Тебя. Мне нужна только ты. Я прикасаюсь к её груди, она не реагирует. Спрашиваю, можно ли просто поговорить с ней. Можно. Мы идём за свободный столик и я хочу выяснить причину, по которой она мне отказывает. «Честность — вот что нас объединяет». Милли отвечает, что не обязана объяснять и что я могу попробовать с кем — то другим. Я пускаюсь в долгие объяснения, признаюсь ей в любви, говорю, что готов встретиться за пределами зала, в другой обстановке, в других обстоятельствах, наедине, сходить куда — нибудь — ну как обычно. Может, я и не готов, и не хочу с ней встречаться никогда после этого разговора — я хочу её выебать именно сейчас, вот и всё. Она слушает меня молча, подпирает рукой подборок, закидывает ногу на ногу, облизывает губы и

— Нет, Дэнни.

— встаёт, чтобы уйти. Я встаю одновременно с ней, прошу прощения за своё поведение,

— Надеюсь, вам у нас нравится.

— хватаю со стола тарелку и бью ребром этой тарелки по левому бедру Милли. Она вскрикивает, тарелка рассекает кожу, из раны льёт кровь, Милли закрывает рану руками и кричит в сторону,

— Сэл! Сэл!

— на меня надевают наручники и выводят, напоследок говорят, что скоро пришлют по почте счёт, который мне необходимо оплатить как можно быстрее. Я оплатил его, продав наркоту, которую мне удалось унести оттуда, и спиздив недостающие деньги у матери.

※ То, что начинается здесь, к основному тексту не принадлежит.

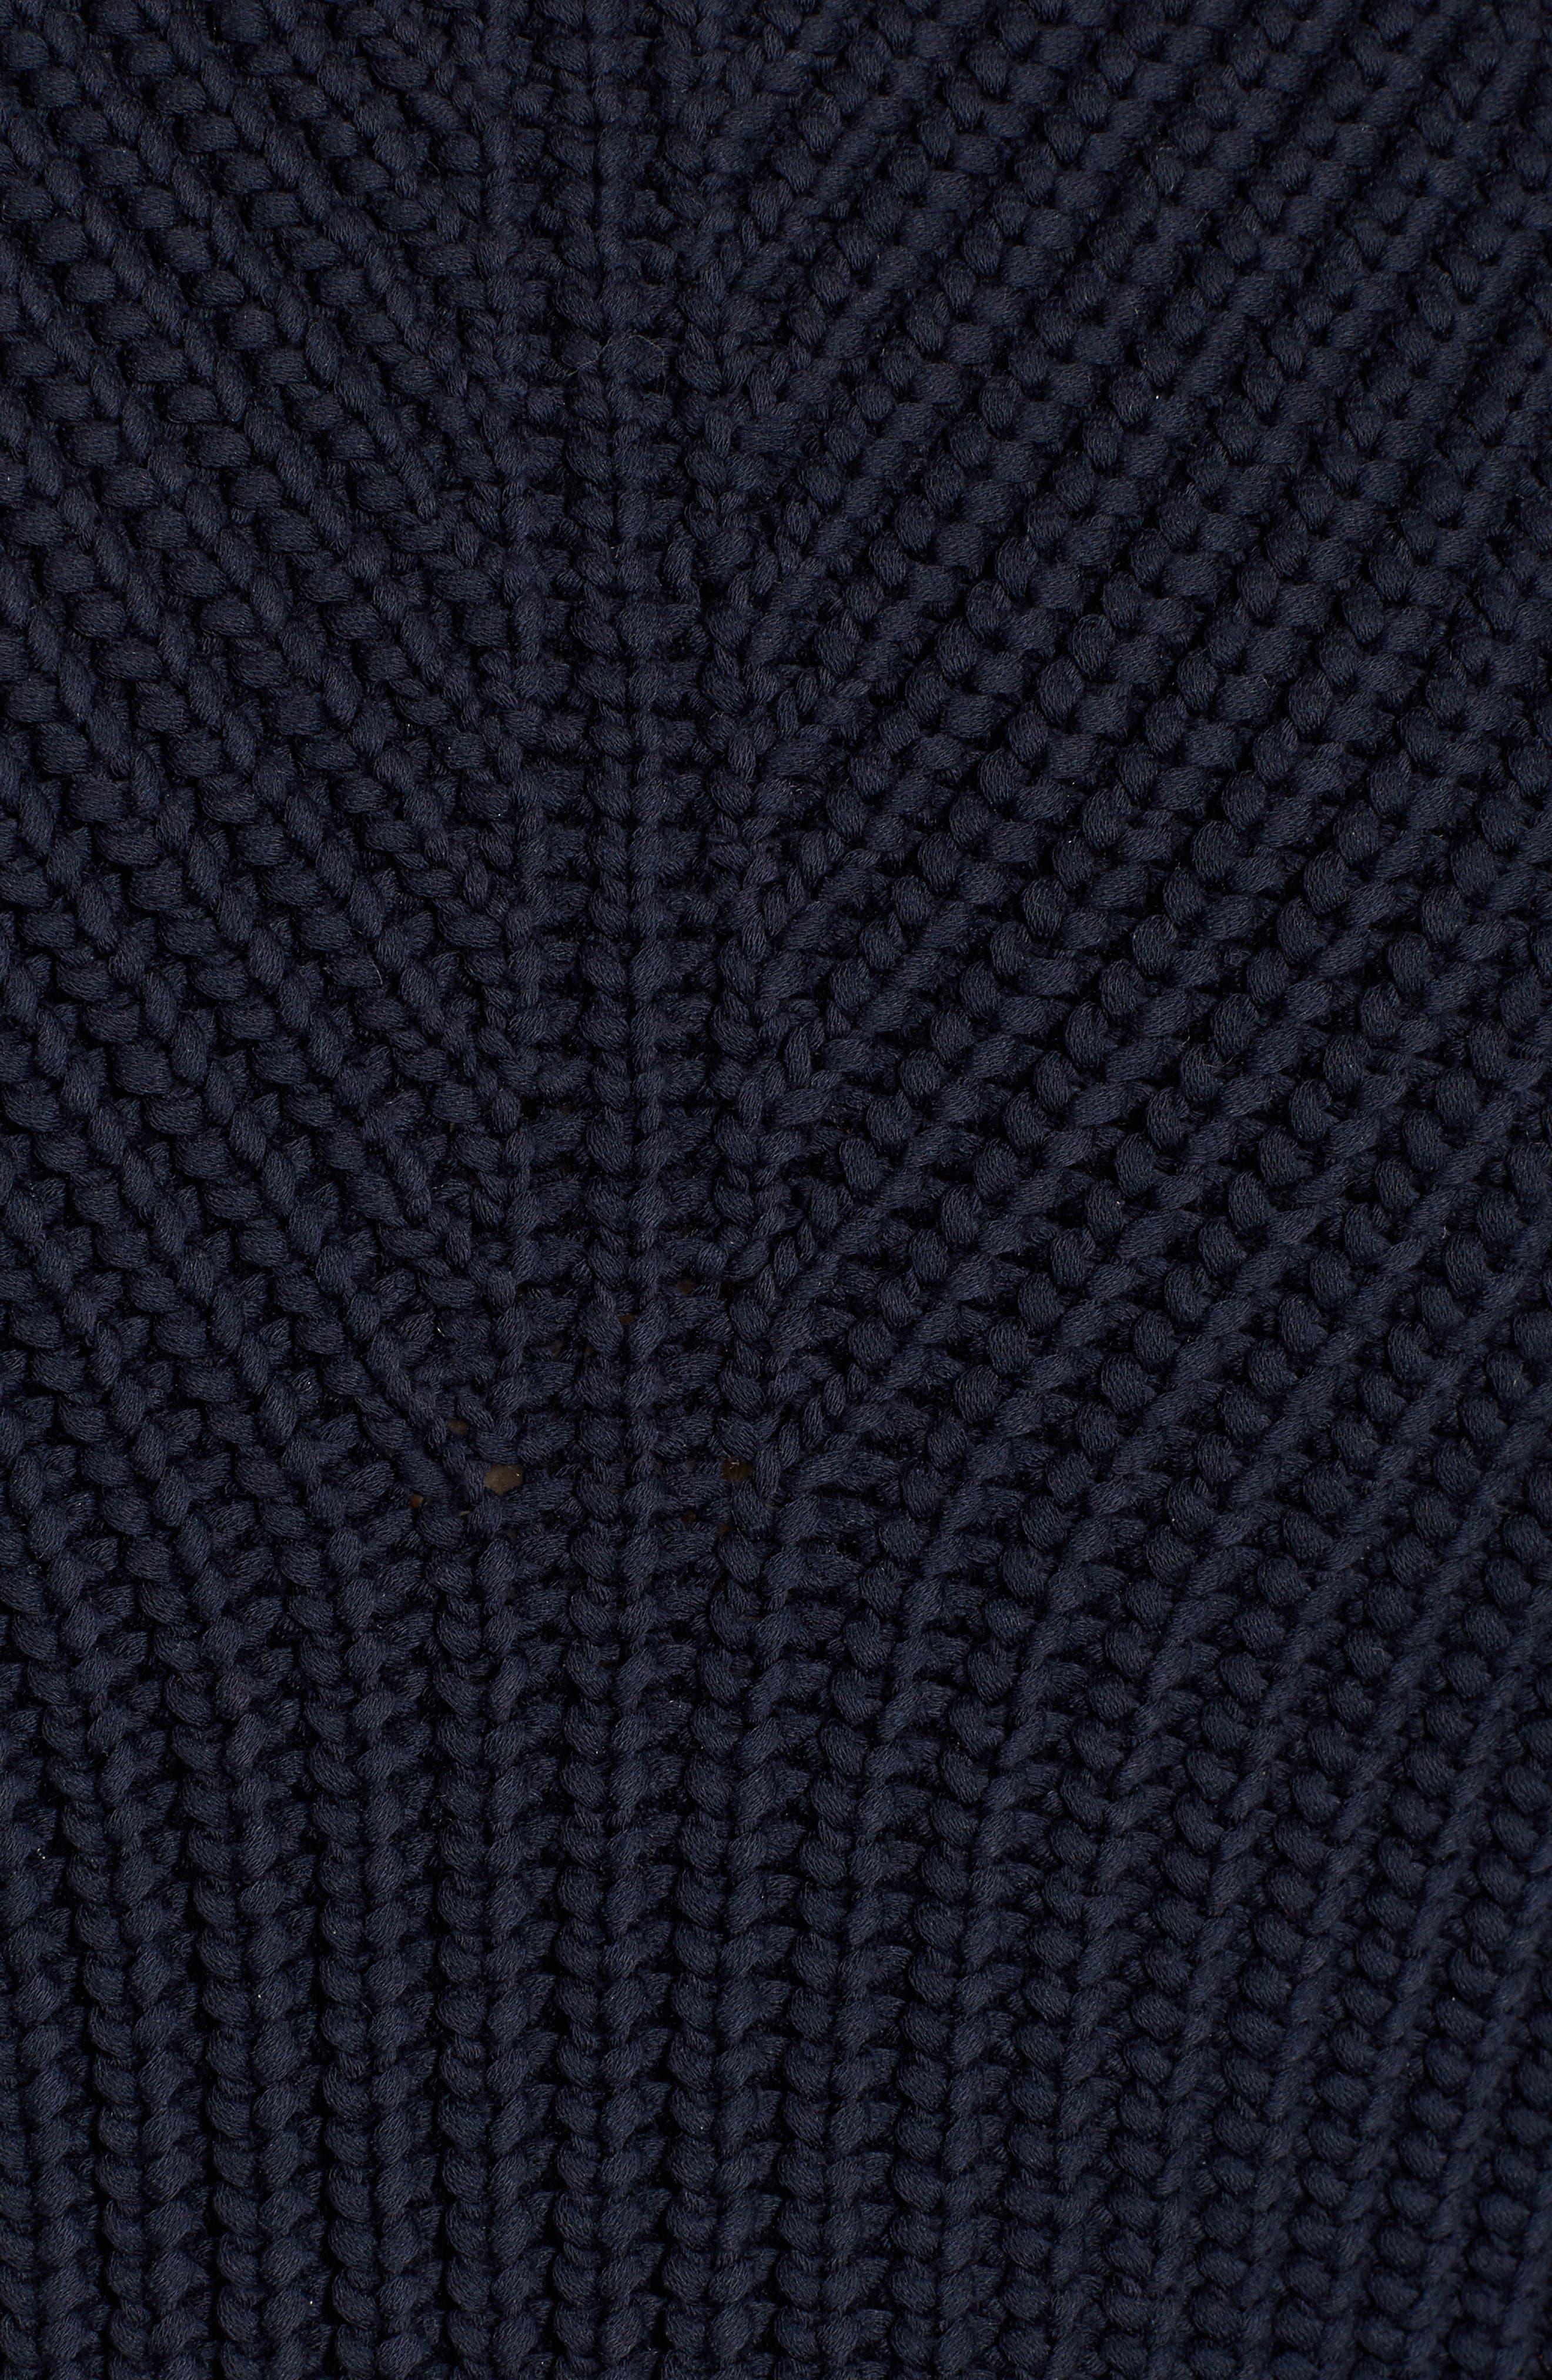 Raglan Sleeve Knit Sweater,                             Alternate thumbnail 5, color,                             410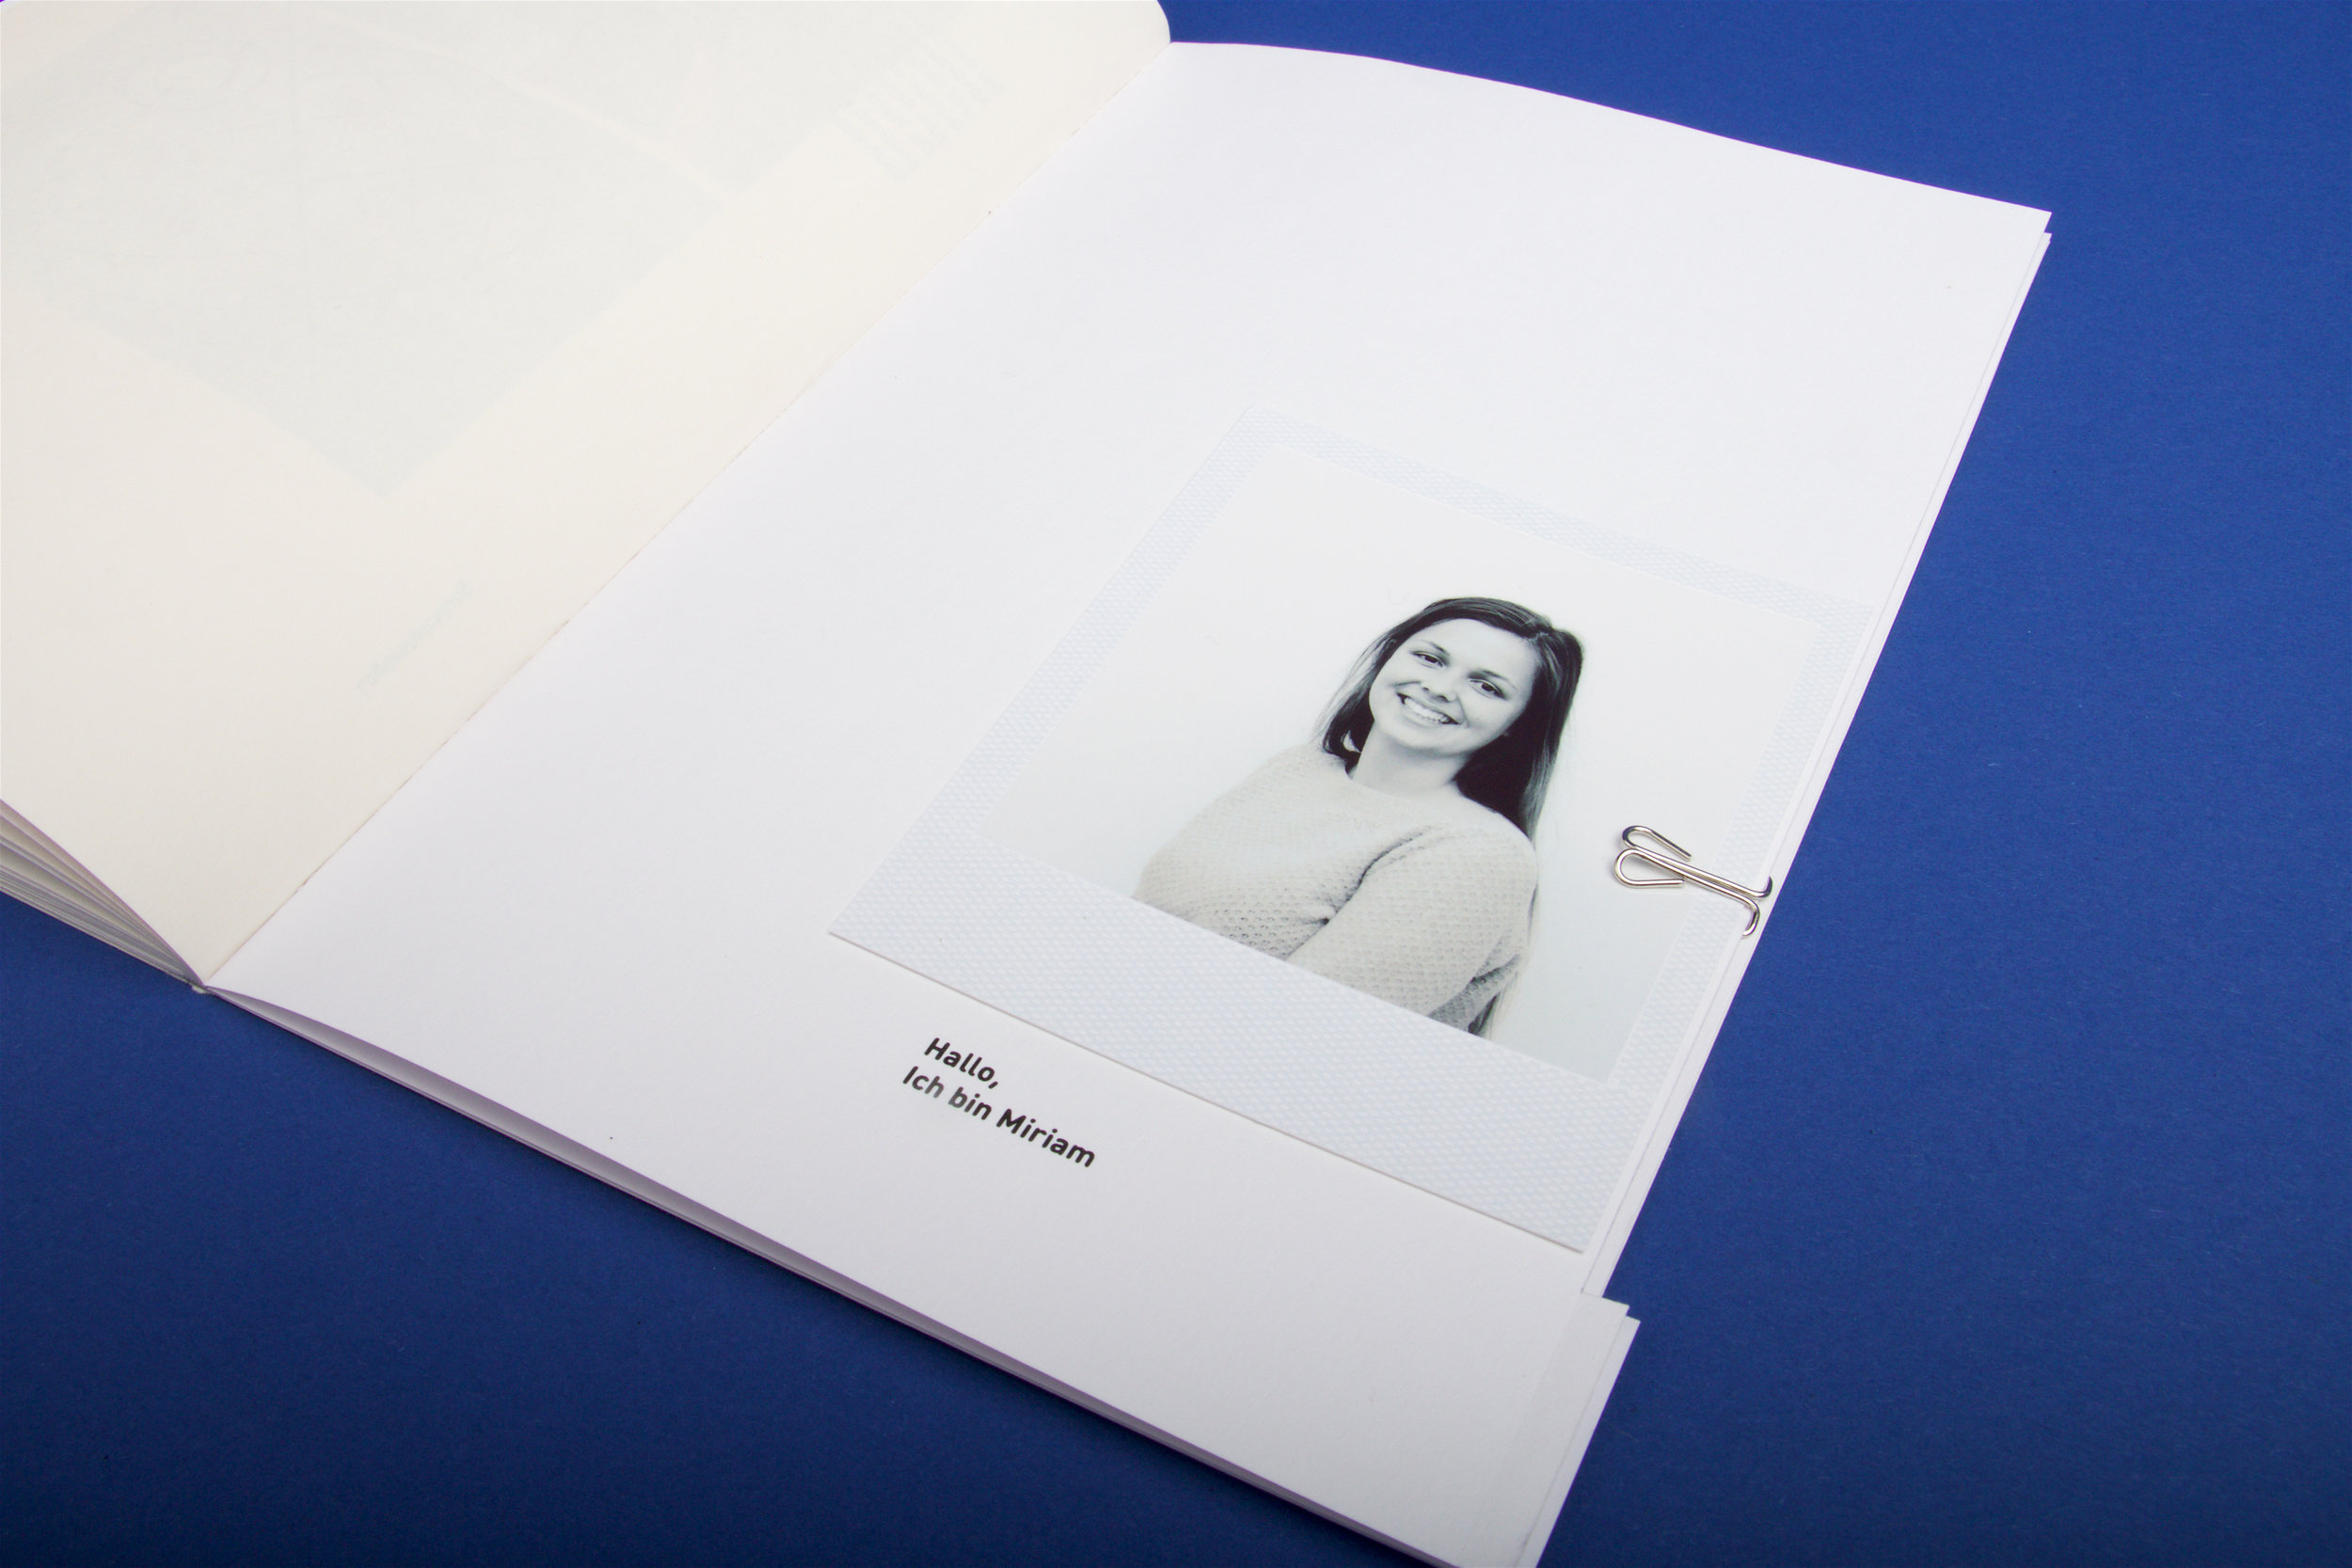 cv//polaroid

Вик тогда остался — какие обиды — и мы увиделись вечером следующего дня. Он хотел вроде как спросить, почему я выпустил своего внутреннего мудака и диктатора в самом неподходящем для этого месте, но осёкся, не стал продолжать,

— Прости, Дэнни. Я не должен тебя учить, как поступать в каких — то ситуациях.

— но я понял его, его переживания, не из — за того, что кто — то там подумает о нём, обо мне, о нас вместе, он беспокоился за меня, пройдя через мои приступы ярости, беспричинной злости, ежедневной апатии и хуй пойми чего ещё. Как бы я ни грубил, ни выёбывался — осознание того, что сказал или сделал, приходило позже — он не отворачивался от меня.

Подкрадывался ко мне, искал нужные слова, лучше бы отпиздил — без жалости там, без всех этих психологических трюков, уловок — удавок.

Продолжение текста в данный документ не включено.